● Required work
Write each line out exactly, from the one containing "Sake Wallpapers" through the final line of the data, and keep pictures out of the copy.

● Collected material
________________________

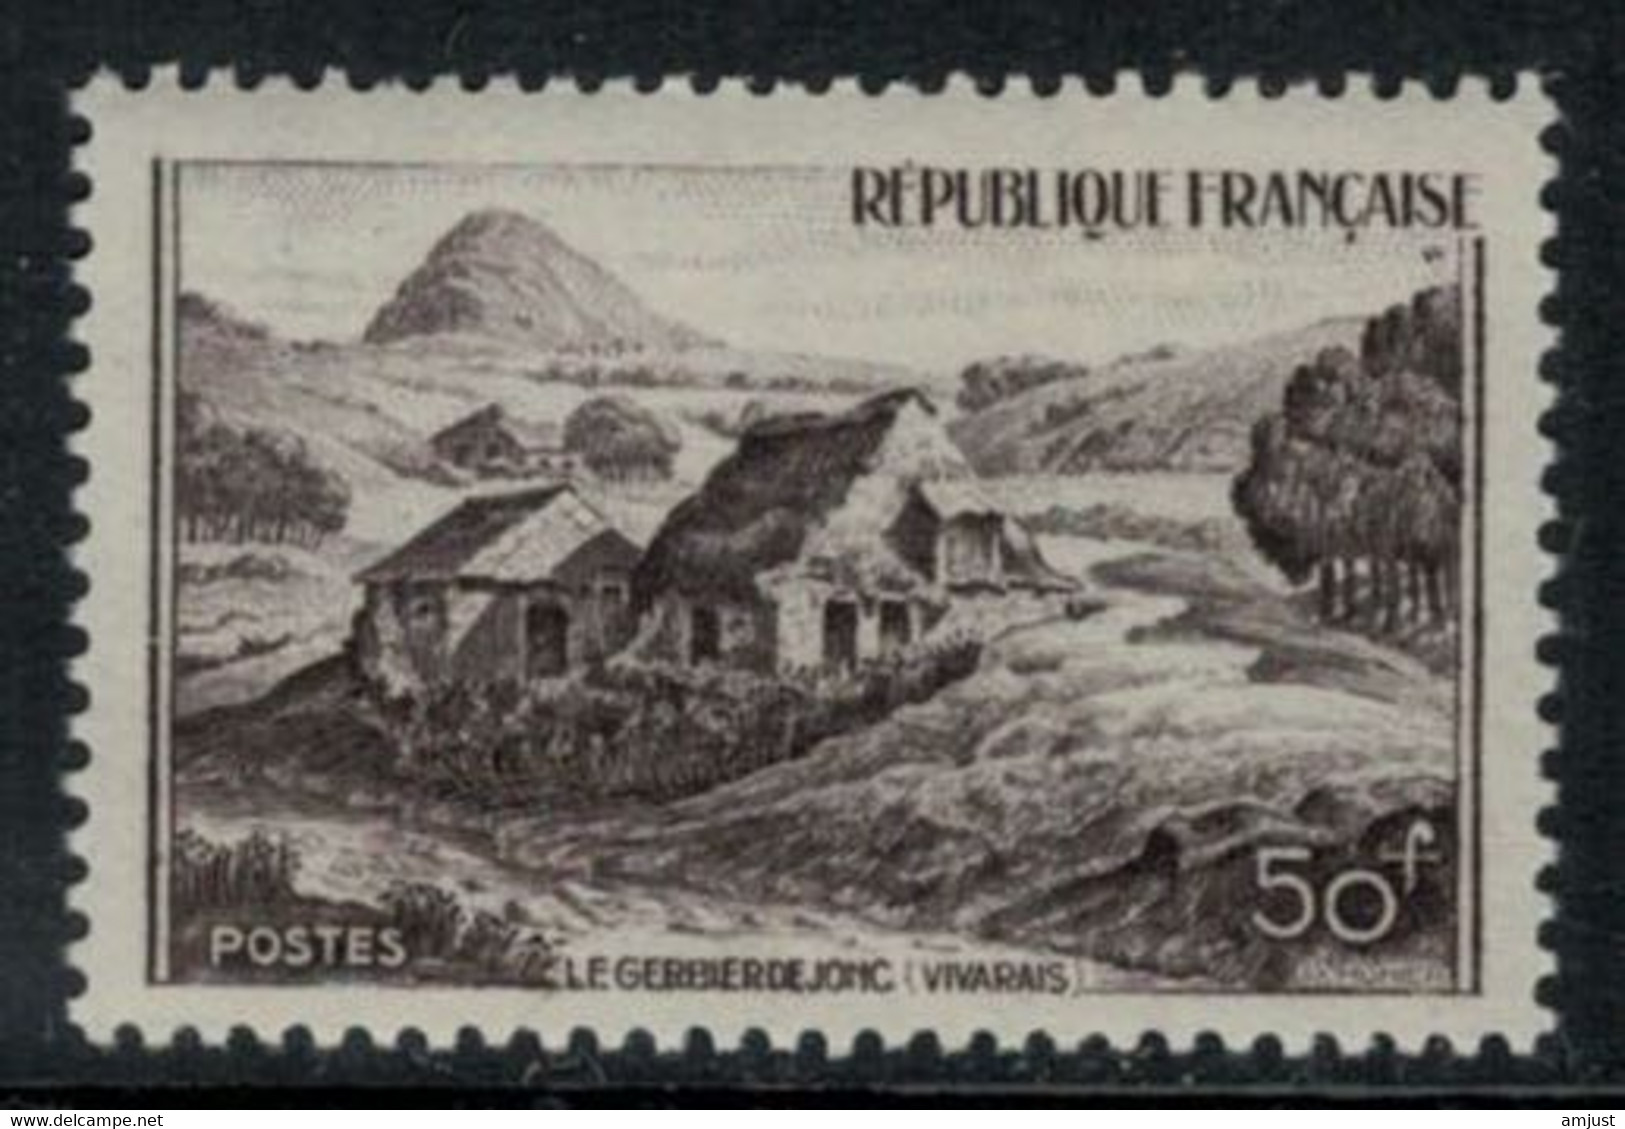 France // 1949 // Monuments Et Sites, Mont Gerbier De Jonc  Neuf** MNH No.843 Y&T (sans Charnière) - Unused Stamps
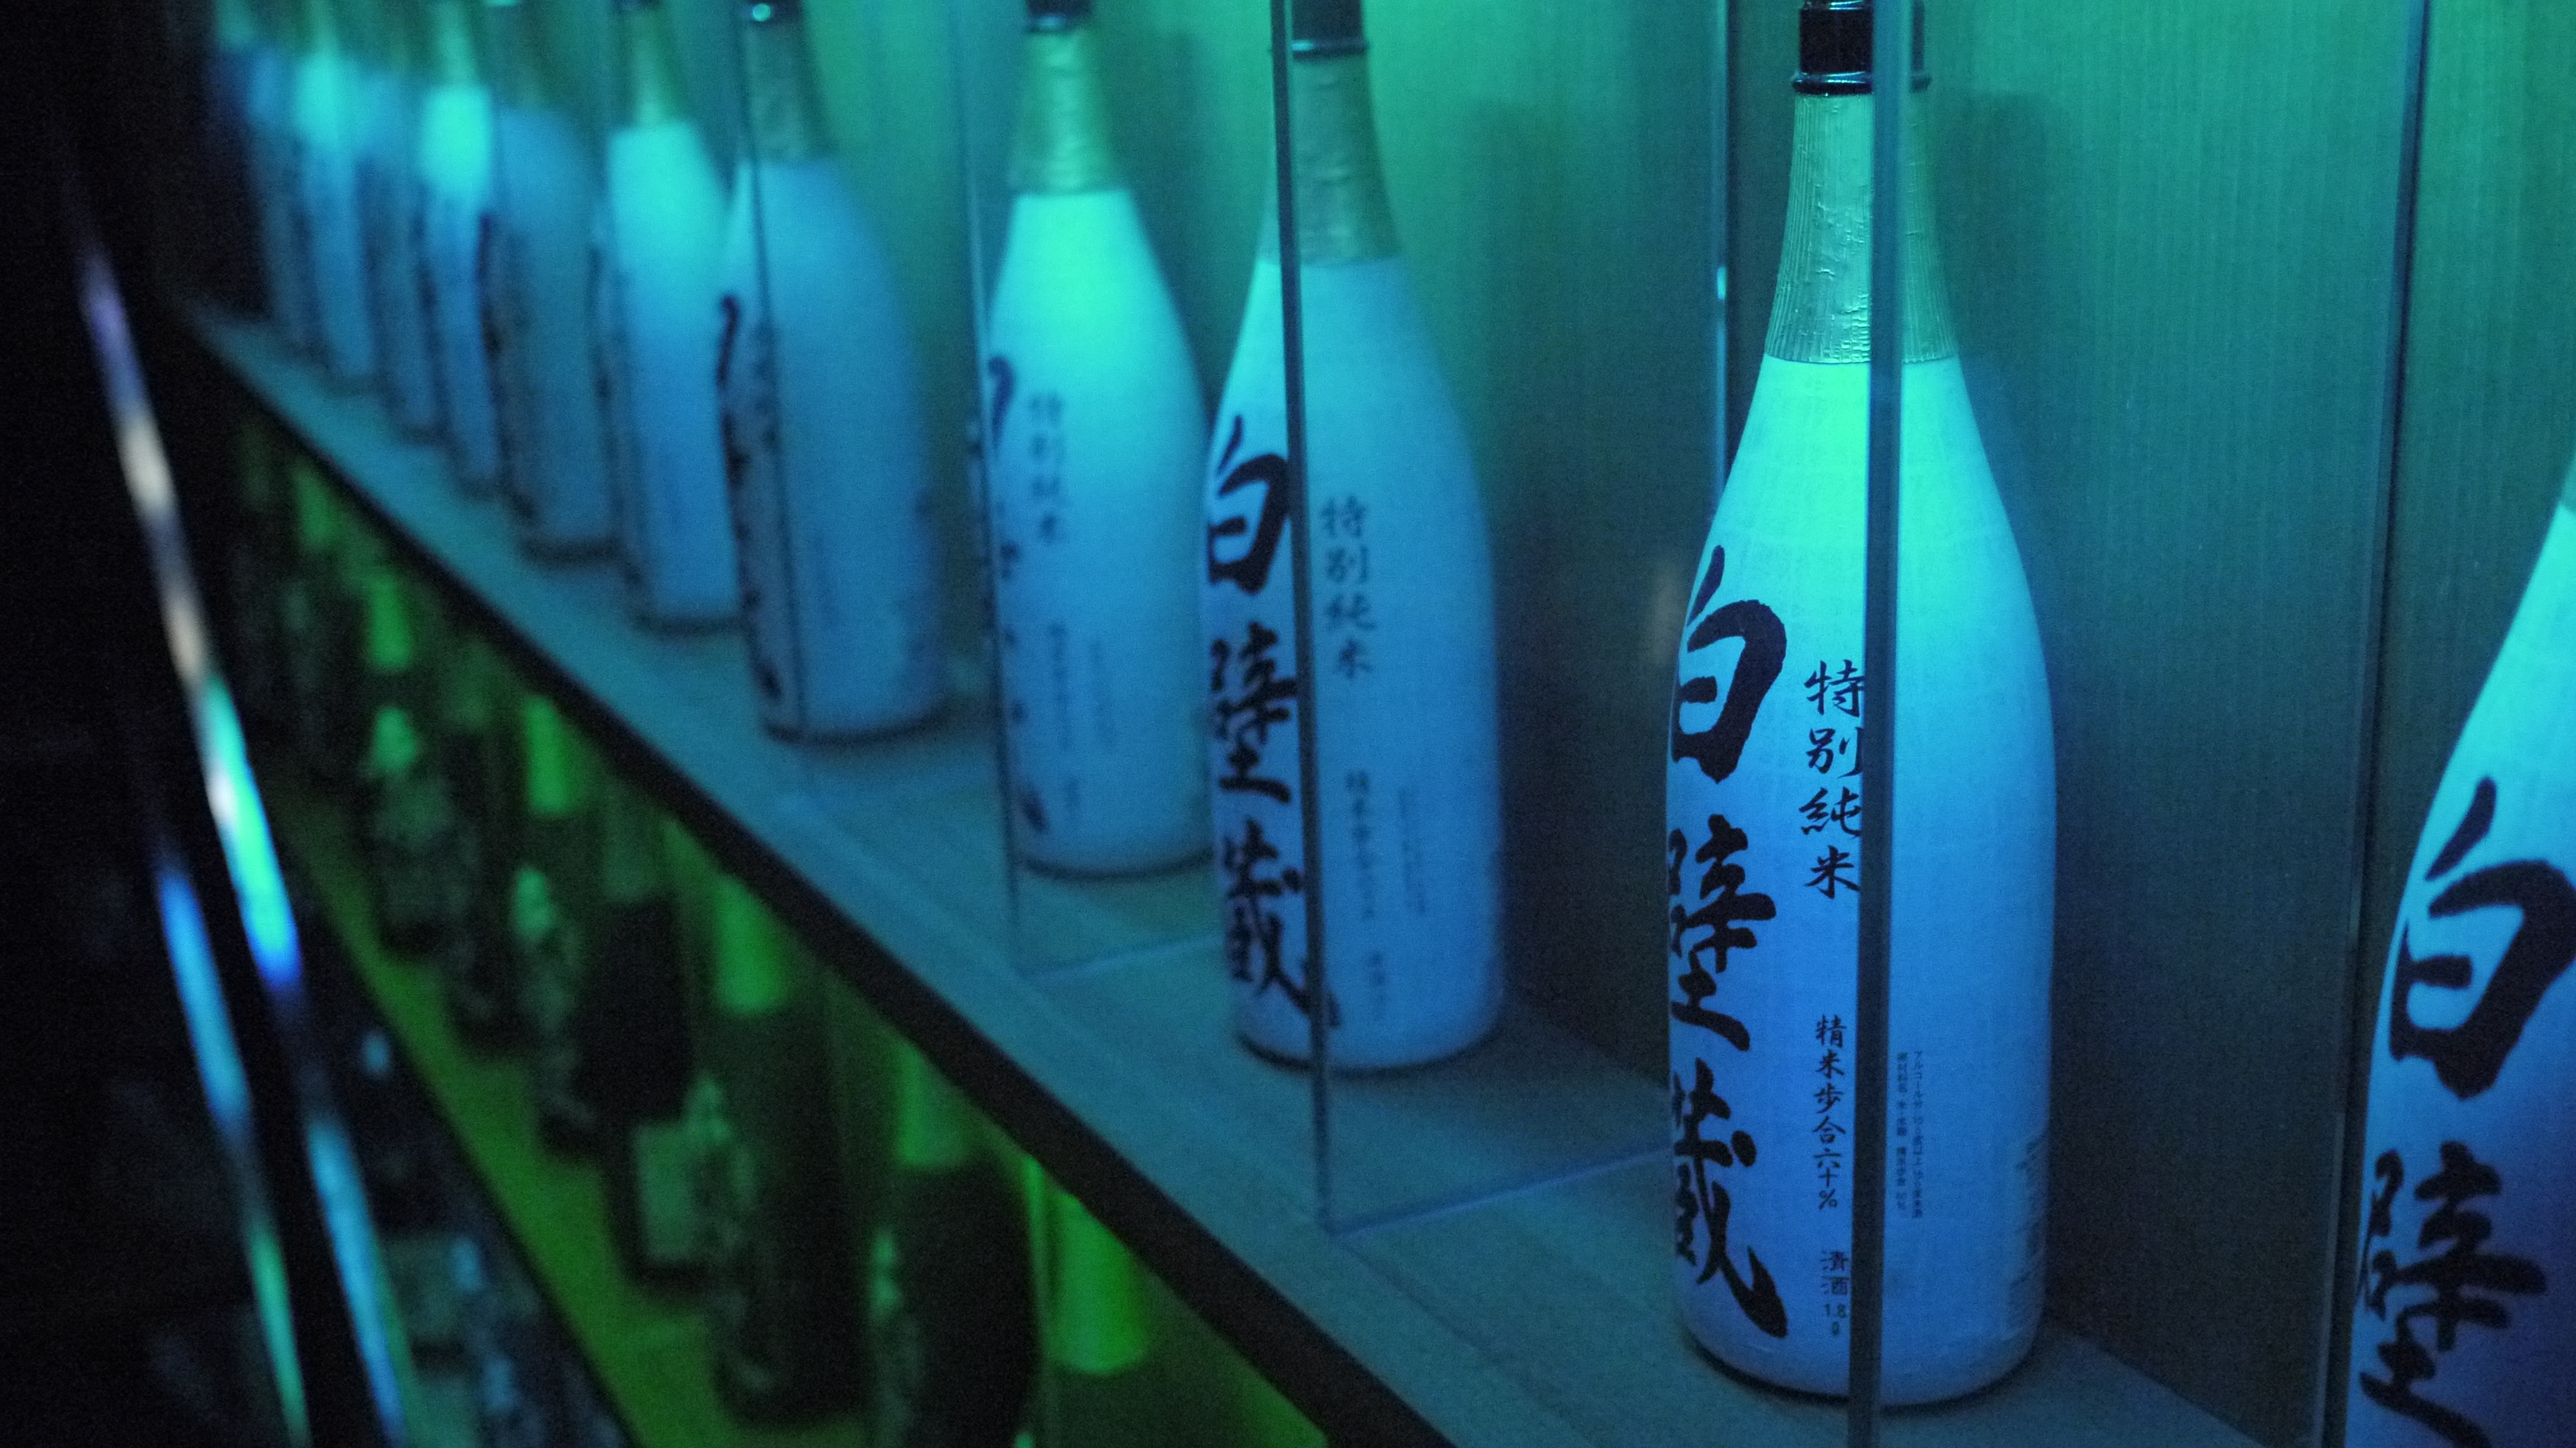 Sake Wallpapers
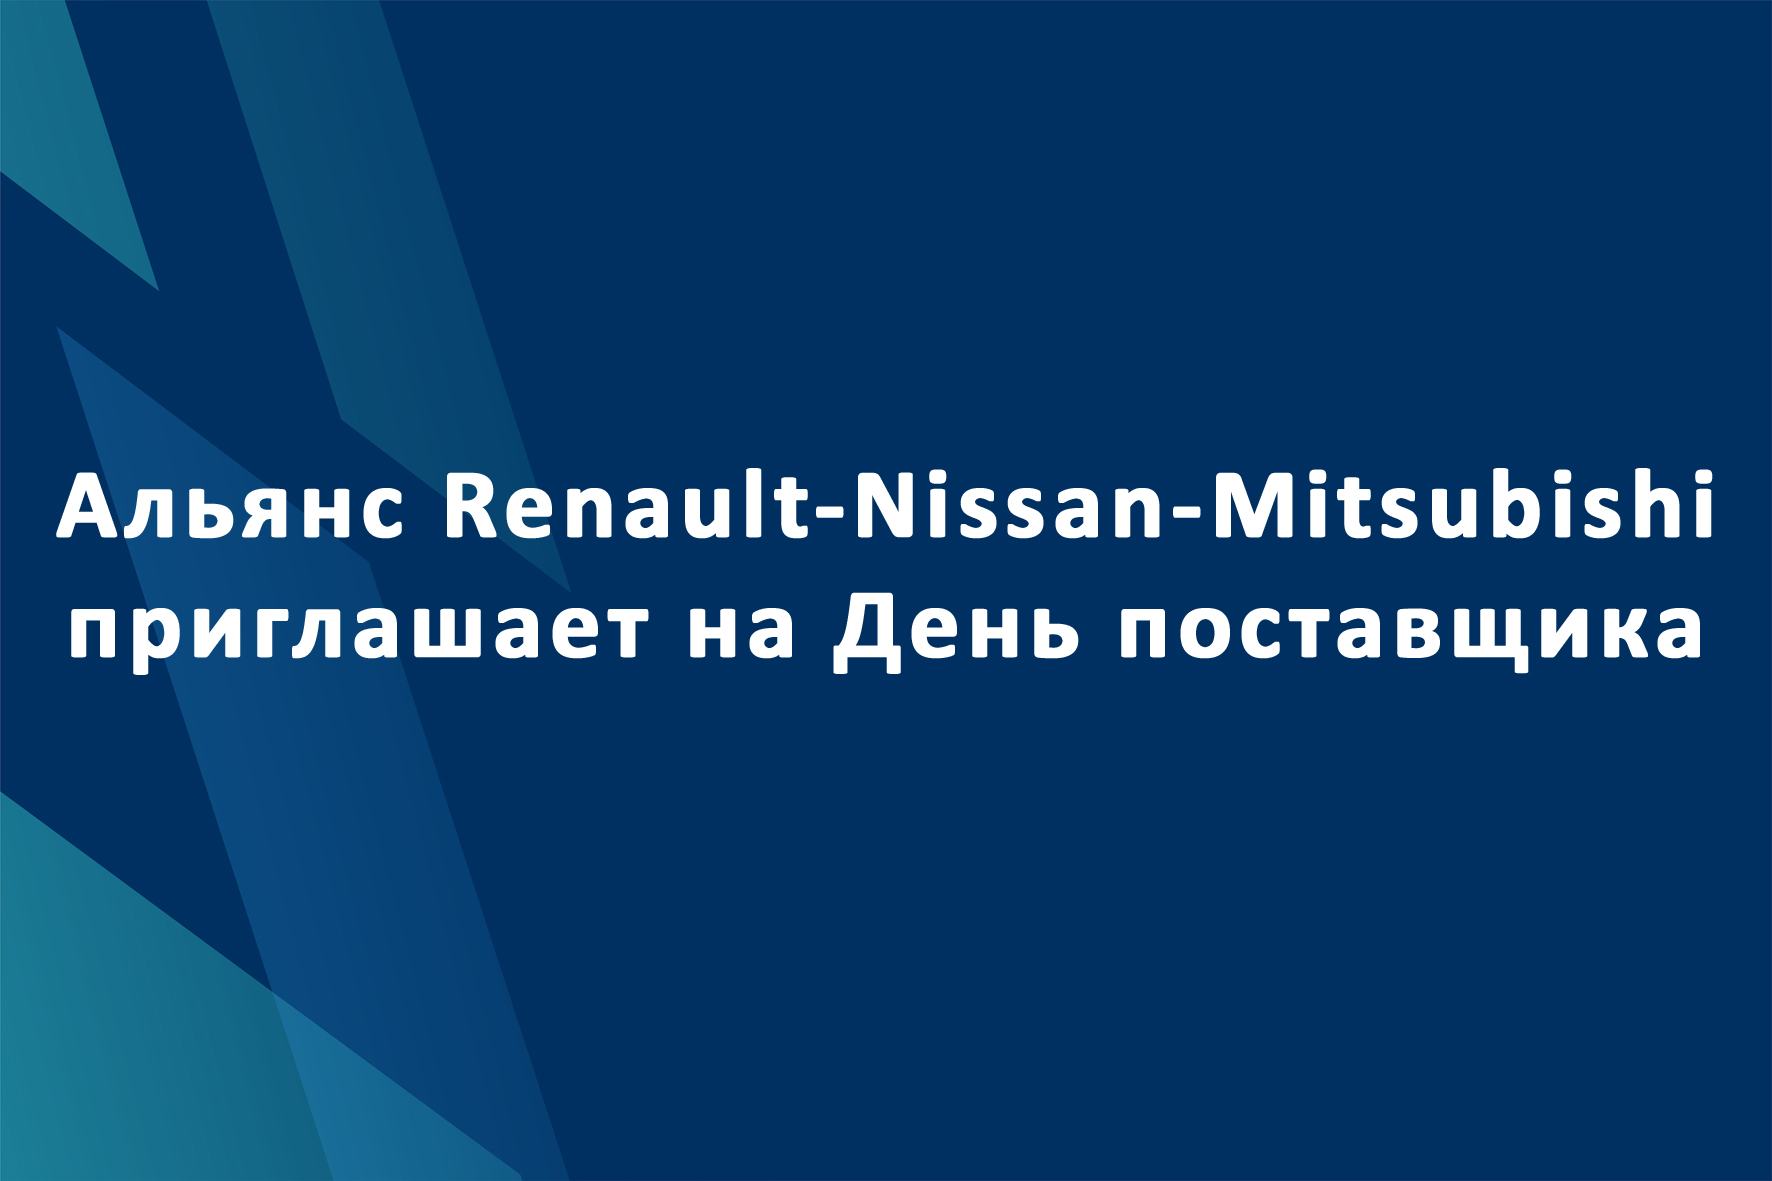 Альянс Renault-Nissan-Mitsubishi приглашает на День поставщика

________________________

● Solution to this task
 Sake Wallpapers
 Альянс Renault-Nissan-Mitsubishi приглашает на День поставщика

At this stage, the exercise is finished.